11 Jan, 2013
The cheapest soup to make
Posted by andrea tomkins in: Recipes and Food
This is something I’ve been thinking a lot about lately, mostly because:
a) I like soup.
b) I like to save money.
When I make my own soup I often marvel at how inexpensive it is to pull it off. It doesn’t take a long time, and it’s almost always pretty good tasting too. :)
In your opinion, what’s the CHEAPEST soup recipe out there?
I made a huge pot of turkey stock after Christmas and it was really good. I was using the carcass (I guess you can say that was free) and veggies from the veggie drawer. I’m guesstimating a little, but the broth ingredients probably cost a dollar. How much do two carrots, a fistful of chopped celery and an onions cost? Not much. The soups I made from it later cost a little more perhaps. I’d boil some pasta in the broth and add some chopped carrot, celery, and turkey meat… but still, it was pretty darn cheap. And miles better than the canned stuff.
Tomato soup is also inexpensive to make, and it doesn’t take a lot of fancy ingredients. In the summer, if you’re growing tomatoes yourself, it’s practically free. If you’re using a can of tomatoes, all you need to do is pour them on top of a sauteed onion (how much is a glug of olive oil?), and add some water or broth and a sprinkle of spices.

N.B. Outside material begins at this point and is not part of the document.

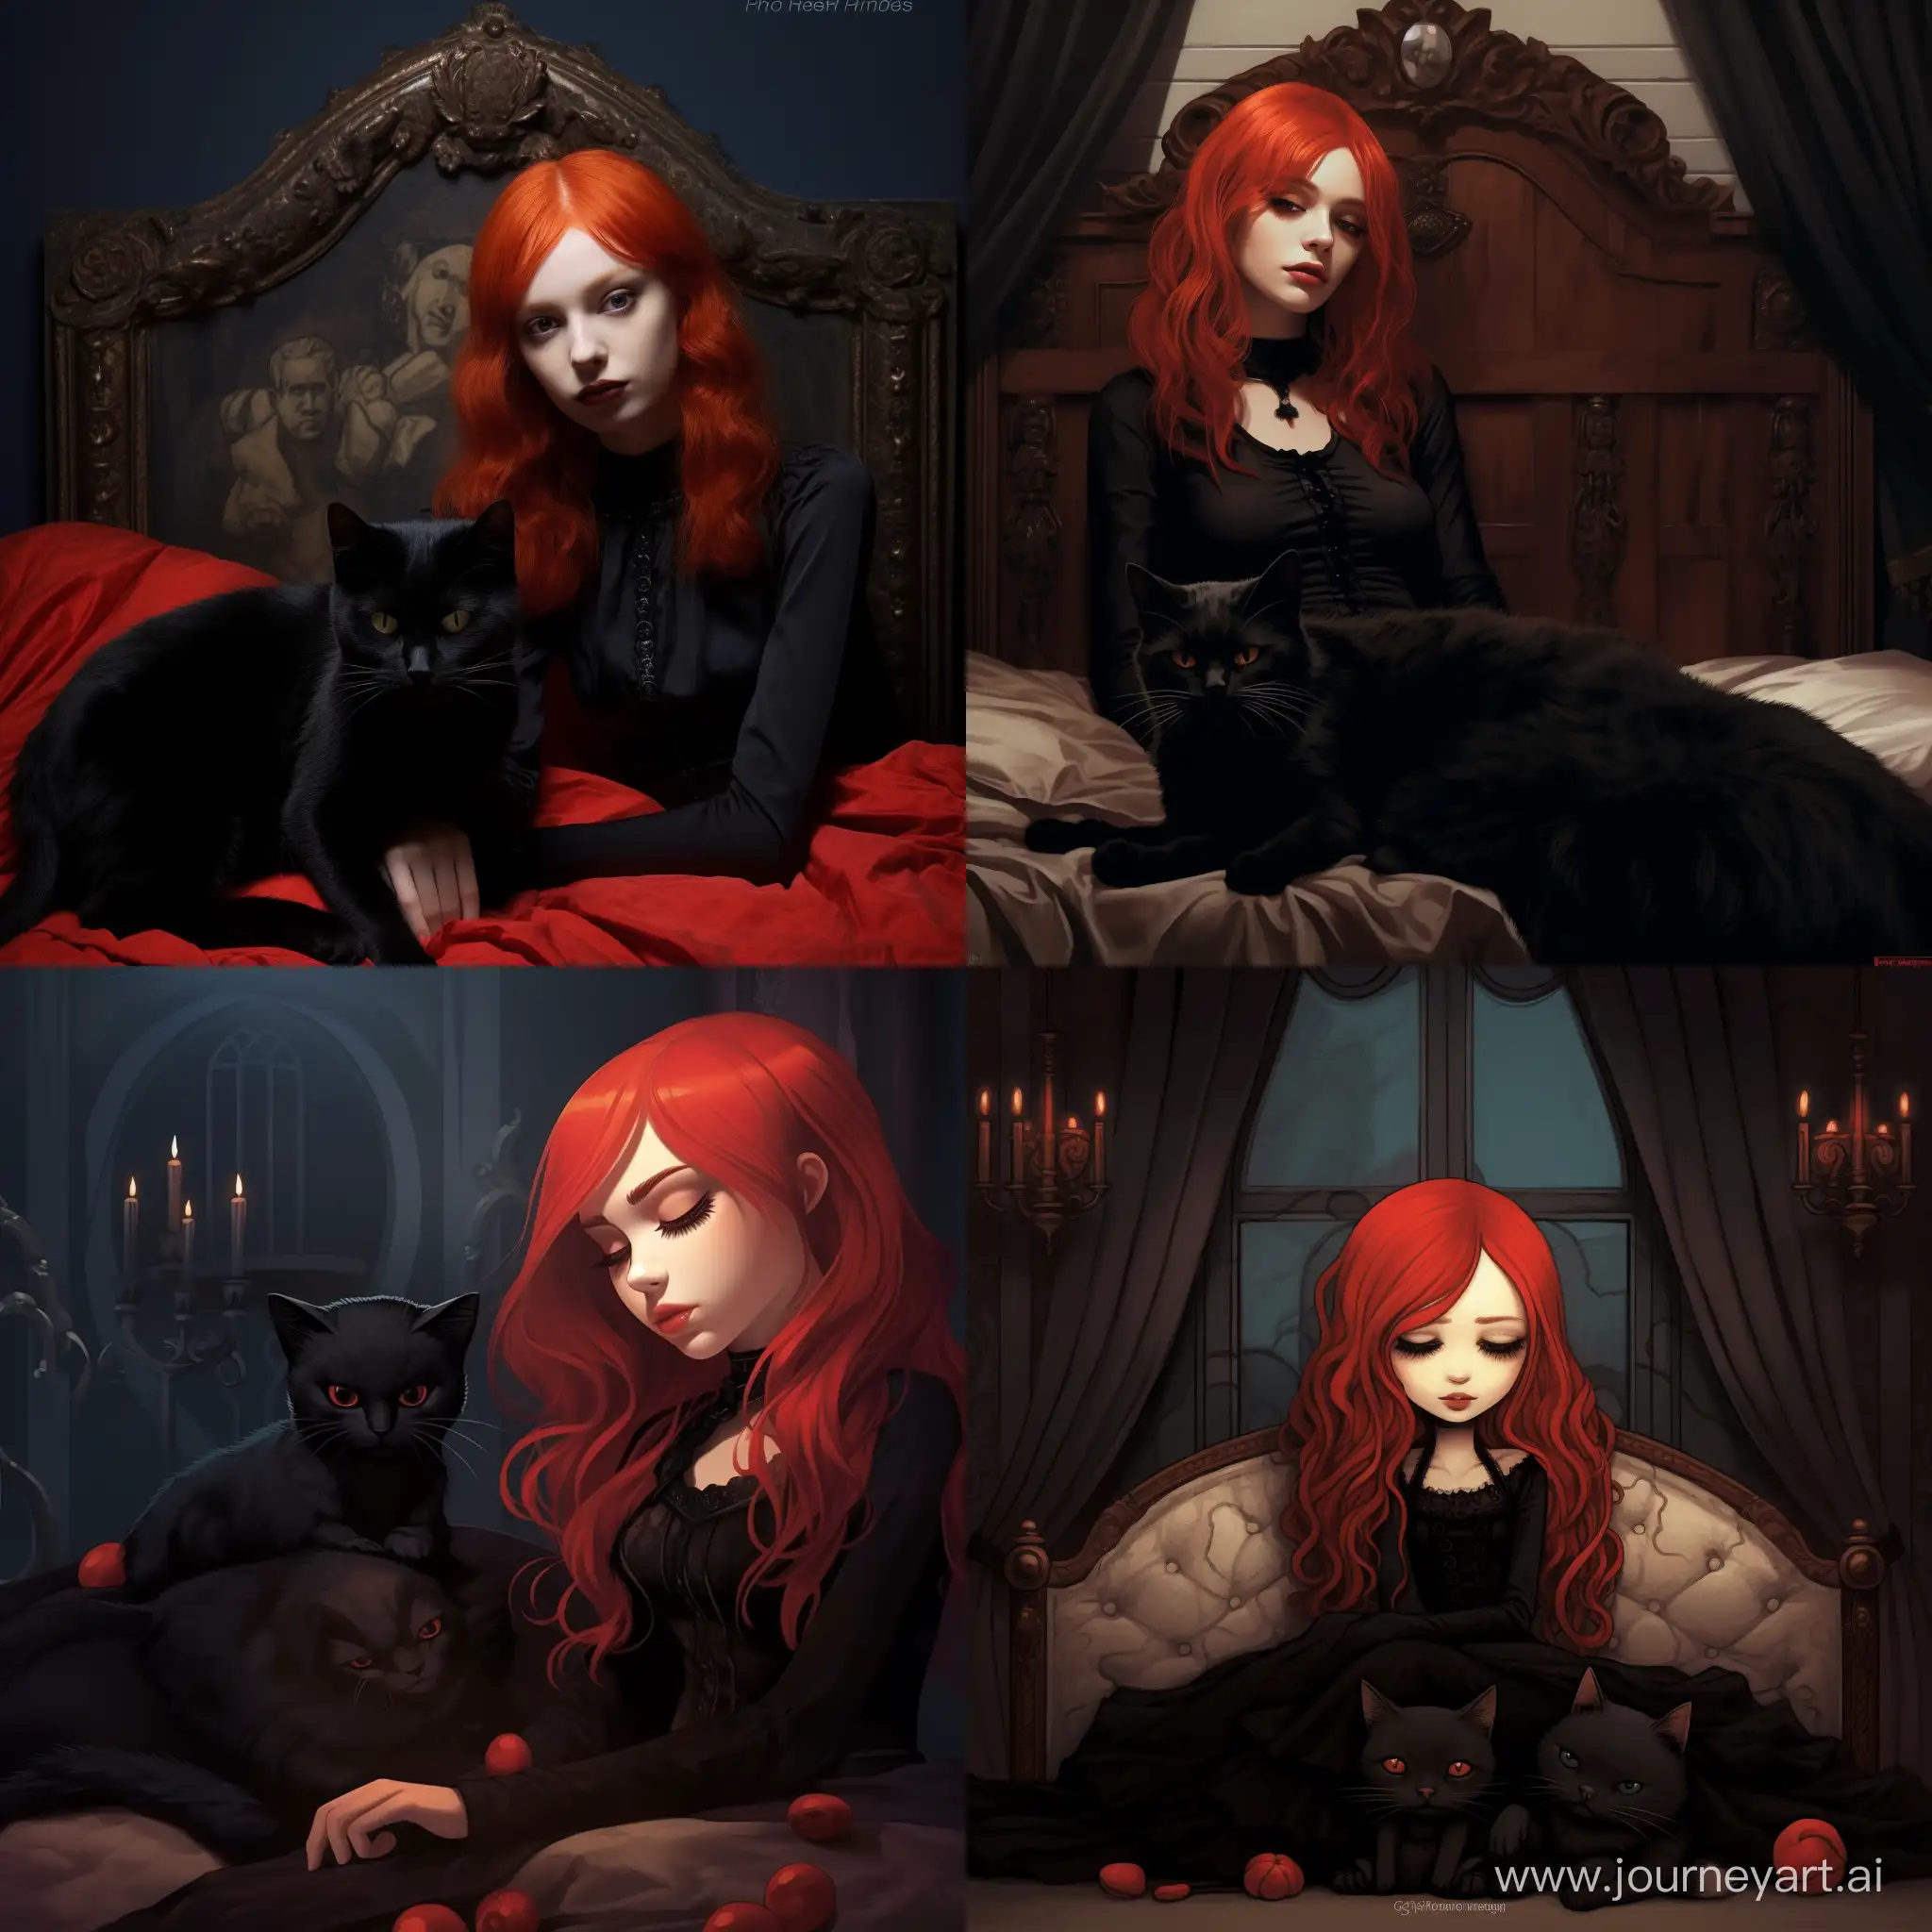 Enchanting-Slumber-RedHaired-Gothic-Girl-Rests-Beside-Mysterious-Gothic-Cat
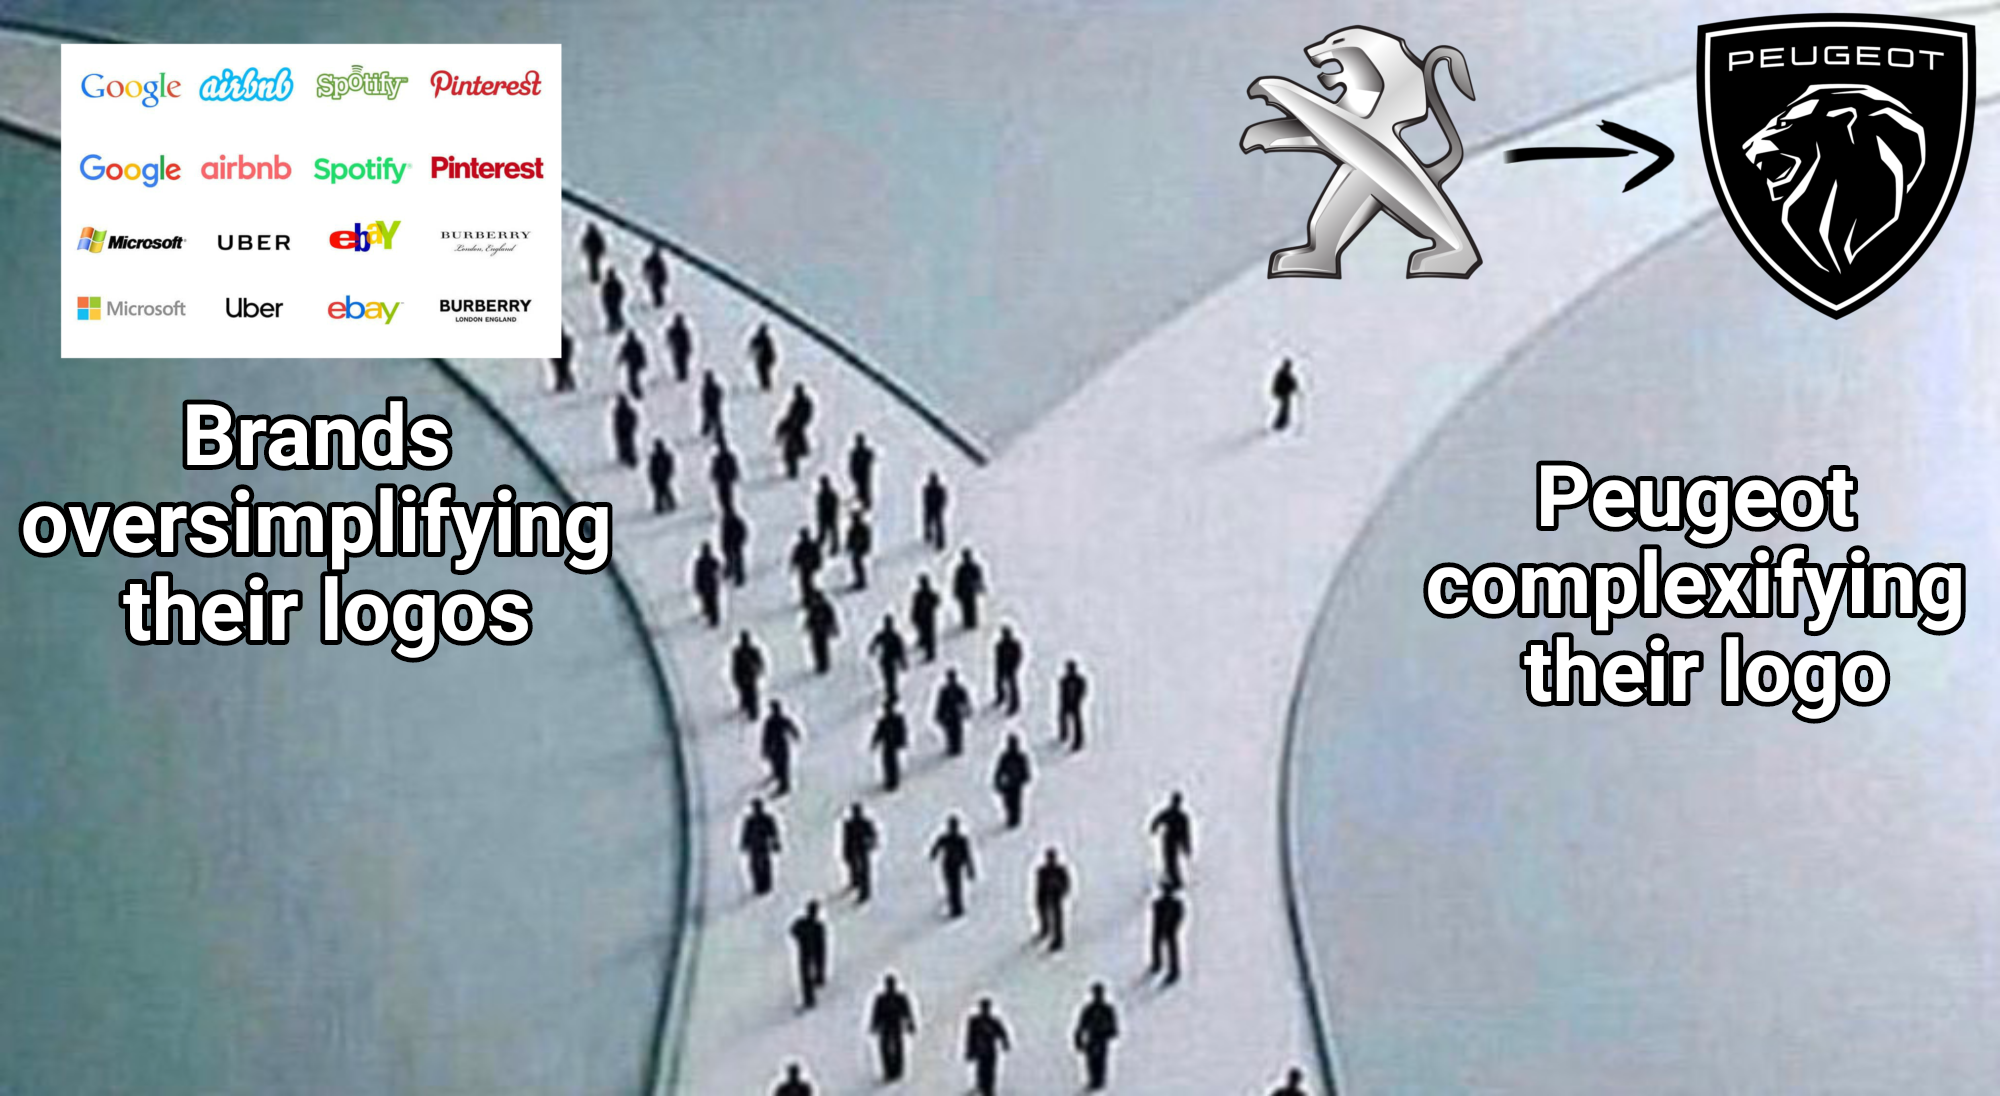 dank memes - stay on the right path even if you have to walk alone image - Peugeot Google hart aputy Pinterest Google airbnb Spotify Pinterest Mies Uber by Microsoft Uber ebay Burberry Brands oversimplifying their logos Peugeot complexifying their logo

What about potato soup? I made a batch the other day. I started with these wrinkled old things:
… and ended up with this silky delight:
The thing with potatoes is that you can use them if they’re wrinkled (it just means they’re dried out a bit) and sprouting (cut those off) but as long as they’re not smelly and rotting they are still totally edible. The soup pictured above was made out of a pound of potatoes from a 5lb bag I snagged on sale for $2.99.
I used this recipe but made a tactical error and put it in the food processor for a smidge too long (it turns very glutinous if you do that) so I ended up thinning it with a bit of that turkey stock I’d saved. It turned out pretty good. It tasted like liquid mashed potatoes, but still, it was pretty good.
Anyway, yes … I have definitely had soup on the brain lately. I posed my question to the Fishbowl FB page and I got a lot of great ideas here.
Kaitlin Wainwright threw her vote behind miso soup with tofu, scallions, and wakame (dried seaweed). And tomato.
Vivian Cheng from Blend Creations wrote: “I’d say it depends on what you have on hand, and the season. We save bones and other odd bits from roasts to make stock, so it’s no ‘extra’ cost. Root vegetables and fridge-clearing-less-than-pretty veggies go in the pot too. My soups tend to be a little different every time.” She also added: “Nutritionally, there are a lot of minerals from homemade stock (aka bone broth). The bones contain all the macrominerals and trace minerals that most people tend not to get enough of in their diet. Add to that, the proteins and gelatin are great for joints, skin and reduce inflammation. Adding a splash of vinegar (or other acid) will help draw the minerals out. (More info about the nutritional benefits of broth here)
Nicki McIlree posted a link to her grandma’s potato soup recipe, and I’m definitely adding it to my list. Yum!
Louise Gleeson wrote: “Whenever i have some wilty celery and some carrots, i head to the pantry and grab some lentils and canned tomatoes. this is a HUGE favourite. we make it several times/month. Lentil Tomato Soup.” There’s a picture of it over on this post.
Larry Woo shared a link with some great looking recipes for chilled summer soups. Including a roasted red pepper soup… yum!
Alan Viau posted a link to his favourite winter soup recipe, a gluten-free seafood chowder.
Sherry Osbourne likes Gordon Ramsey’s Broccoli Soup. “All you need to do is throw some broccoli into a pot with some salted water. Boil it for just a few minutes until it’s just started to soften. Spoon the broccoli into a blender and then fill it up about halfway with the water you cooked it in and blend until smooth. You can throw some black pepper on top when it’s done. It’s good just like that but if you happen to have some cheese (I like a few pieces of cheddar) you can put that in the bowl too and then pour the soup on top of it. So delicious. It costs very little to make, especially if you don’t do the cheese. Bonus, super healthy!”
What’s your cheapest soup recipe? I’d love to hear about it!